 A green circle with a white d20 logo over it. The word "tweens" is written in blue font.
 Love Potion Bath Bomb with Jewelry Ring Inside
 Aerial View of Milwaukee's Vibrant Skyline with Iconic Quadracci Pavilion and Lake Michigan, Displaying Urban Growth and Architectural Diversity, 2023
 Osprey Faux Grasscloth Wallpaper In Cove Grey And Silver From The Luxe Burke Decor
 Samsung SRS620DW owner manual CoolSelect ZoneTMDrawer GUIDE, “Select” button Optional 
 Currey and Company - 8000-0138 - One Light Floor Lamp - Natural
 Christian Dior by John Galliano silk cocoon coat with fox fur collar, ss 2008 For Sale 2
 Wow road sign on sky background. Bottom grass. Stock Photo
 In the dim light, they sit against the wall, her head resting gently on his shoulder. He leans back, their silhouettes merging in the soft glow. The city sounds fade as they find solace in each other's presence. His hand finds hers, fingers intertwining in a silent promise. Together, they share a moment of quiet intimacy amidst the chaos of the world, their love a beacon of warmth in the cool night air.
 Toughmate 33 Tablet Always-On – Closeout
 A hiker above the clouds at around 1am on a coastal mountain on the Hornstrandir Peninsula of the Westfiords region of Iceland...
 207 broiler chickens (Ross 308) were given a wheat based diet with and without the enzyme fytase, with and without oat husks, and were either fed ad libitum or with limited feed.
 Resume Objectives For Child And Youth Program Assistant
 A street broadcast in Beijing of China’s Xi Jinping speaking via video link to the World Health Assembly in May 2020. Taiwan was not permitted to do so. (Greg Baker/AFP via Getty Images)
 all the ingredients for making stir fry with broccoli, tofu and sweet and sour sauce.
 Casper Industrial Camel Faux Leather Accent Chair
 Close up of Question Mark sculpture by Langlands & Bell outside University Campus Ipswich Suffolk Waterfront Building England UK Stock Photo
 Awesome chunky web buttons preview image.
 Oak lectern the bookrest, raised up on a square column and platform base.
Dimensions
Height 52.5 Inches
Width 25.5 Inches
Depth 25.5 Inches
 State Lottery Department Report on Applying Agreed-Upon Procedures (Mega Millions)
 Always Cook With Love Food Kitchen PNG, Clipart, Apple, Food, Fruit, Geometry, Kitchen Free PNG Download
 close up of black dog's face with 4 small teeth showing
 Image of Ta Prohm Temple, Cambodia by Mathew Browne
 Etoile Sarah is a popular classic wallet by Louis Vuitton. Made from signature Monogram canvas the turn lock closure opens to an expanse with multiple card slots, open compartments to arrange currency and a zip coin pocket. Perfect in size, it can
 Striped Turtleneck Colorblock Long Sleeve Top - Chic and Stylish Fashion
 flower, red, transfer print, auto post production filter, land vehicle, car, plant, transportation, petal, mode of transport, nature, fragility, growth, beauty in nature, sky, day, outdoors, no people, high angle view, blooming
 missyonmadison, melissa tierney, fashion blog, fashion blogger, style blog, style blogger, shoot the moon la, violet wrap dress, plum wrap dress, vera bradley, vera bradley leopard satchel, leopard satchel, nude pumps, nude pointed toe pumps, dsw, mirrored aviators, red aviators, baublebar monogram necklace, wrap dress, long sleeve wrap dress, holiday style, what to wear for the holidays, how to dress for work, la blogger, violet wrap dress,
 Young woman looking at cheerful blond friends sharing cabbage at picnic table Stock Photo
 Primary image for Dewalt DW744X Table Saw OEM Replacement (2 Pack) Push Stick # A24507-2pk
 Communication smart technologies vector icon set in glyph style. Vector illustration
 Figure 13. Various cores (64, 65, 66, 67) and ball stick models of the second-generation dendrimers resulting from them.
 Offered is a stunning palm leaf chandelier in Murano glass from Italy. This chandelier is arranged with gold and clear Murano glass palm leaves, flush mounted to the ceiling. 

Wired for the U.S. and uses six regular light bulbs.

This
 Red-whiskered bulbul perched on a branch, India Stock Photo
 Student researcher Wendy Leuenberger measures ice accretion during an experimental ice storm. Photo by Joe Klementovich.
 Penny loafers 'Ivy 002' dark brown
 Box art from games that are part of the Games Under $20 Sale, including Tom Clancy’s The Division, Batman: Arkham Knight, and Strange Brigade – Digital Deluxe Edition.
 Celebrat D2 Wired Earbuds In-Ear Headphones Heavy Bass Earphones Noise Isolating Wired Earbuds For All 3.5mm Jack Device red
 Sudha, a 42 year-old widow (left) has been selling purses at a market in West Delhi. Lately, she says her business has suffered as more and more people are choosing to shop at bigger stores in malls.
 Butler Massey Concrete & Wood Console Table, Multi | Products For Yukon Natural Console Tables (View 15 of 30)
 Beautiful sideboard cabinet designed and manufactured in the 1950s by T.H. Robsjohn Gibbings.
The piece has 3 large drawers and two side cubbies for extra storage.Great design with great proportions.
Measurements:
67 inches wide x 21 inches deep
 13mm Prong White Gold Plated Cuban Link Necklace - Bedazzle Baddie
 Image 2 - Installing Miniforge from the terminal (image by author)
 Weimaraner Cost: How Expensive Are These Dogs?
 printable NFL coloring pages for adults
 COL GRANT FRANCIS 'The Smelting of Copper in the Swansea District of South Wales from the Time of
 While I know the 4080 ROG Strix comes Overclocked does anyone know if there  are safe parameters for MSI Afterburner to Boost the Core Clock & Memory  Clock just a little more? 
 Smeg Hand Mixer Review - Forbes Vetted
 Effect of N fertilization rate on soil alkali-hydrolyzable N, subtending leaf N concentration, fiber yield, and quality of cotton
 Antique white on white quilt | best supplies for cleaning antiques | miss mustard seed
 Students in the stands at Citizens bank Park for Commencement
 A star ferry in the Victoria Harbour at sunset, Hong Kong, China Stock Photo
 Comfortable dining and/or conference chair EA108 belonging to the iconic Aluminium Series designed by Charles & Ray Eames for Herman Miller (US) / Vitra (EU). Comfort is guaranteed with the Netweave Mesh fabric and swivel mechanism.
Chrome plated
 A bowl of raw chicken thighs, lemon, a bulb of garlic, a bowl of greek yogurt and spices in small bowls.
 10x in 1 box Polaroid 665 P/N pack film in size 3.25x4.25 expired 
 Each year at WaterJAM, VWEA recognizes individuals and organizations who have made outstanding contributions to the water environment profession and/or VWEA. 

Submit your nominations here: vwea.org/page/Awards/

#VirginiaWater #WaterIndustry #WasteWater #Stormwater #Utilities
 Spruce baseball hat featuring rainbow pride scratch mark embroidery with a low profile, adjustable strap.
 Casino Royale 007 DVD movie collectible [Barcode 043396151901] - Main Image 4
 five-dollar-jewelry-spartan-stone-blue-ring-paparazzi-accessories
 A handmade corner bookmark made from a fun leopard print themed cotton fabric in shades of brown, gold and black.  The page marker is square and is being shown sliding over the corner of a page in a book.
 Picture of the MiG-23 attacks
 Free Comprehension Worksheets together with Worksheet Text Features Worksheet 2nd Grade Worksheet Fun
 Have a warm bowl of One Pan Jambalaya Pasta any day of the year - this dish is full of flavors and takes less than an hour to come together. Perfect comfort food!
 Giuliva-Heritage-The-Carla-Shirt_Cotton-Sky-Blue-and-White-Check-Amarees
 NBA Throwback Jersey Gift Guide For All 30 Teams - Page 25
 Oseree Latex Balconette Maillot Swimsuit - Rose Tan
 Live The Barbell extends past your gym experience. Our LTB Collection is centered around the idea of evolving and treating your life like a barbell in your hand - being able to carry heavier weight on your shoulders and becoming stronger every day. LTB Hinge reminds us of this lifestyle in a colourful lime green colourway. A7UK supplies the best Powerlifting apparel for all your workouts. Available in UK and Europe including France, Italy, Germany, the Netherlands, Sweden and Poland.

________________________

-- WORK ORDER --
Retype only the lines above between the line with "Students in the" and the line with "Spruce baseball hat", counting those two lines as well, and keep every character as it is.

-- OUTPUT OF THE EXERCISE --
 Students in the stands at Citizens bank Park for Commencement
 A star ferry in the Victoria Harbour at sunset, Hong Kong, China Stock Photo
 Comfortable dining and/or conference chair EA108 belonging to the iconic Aluminium Series designed by Charles & Ray Eames for Herman Miller (US) / Vitra (EU). Comfort is guaranteed with the Netweave Mesh fabric and swivel mechanism.
Chrome plated
 A bowl of raw chicken thighs, lemon, a bulb of garlic, a bowl of greek yogurt and spices in small bowls.
 10x in 1 box Polaroid 665 P/N pack film in size 3.25x4.25 expired 
 Each year at WaterJAM, VWEA recognizes individuals and organizations who have made outstanding contributions to the water environment profession and/or VWEA. 

Submit your nominations here: vwea.org/page/Awards/

#VirginiaWater #WaterIndustry #WasteWater #Stormwater #Utilities
 Spruce baseball hat featuring rainbow pride scratch mark embroidery with a low profile, adjustable strap.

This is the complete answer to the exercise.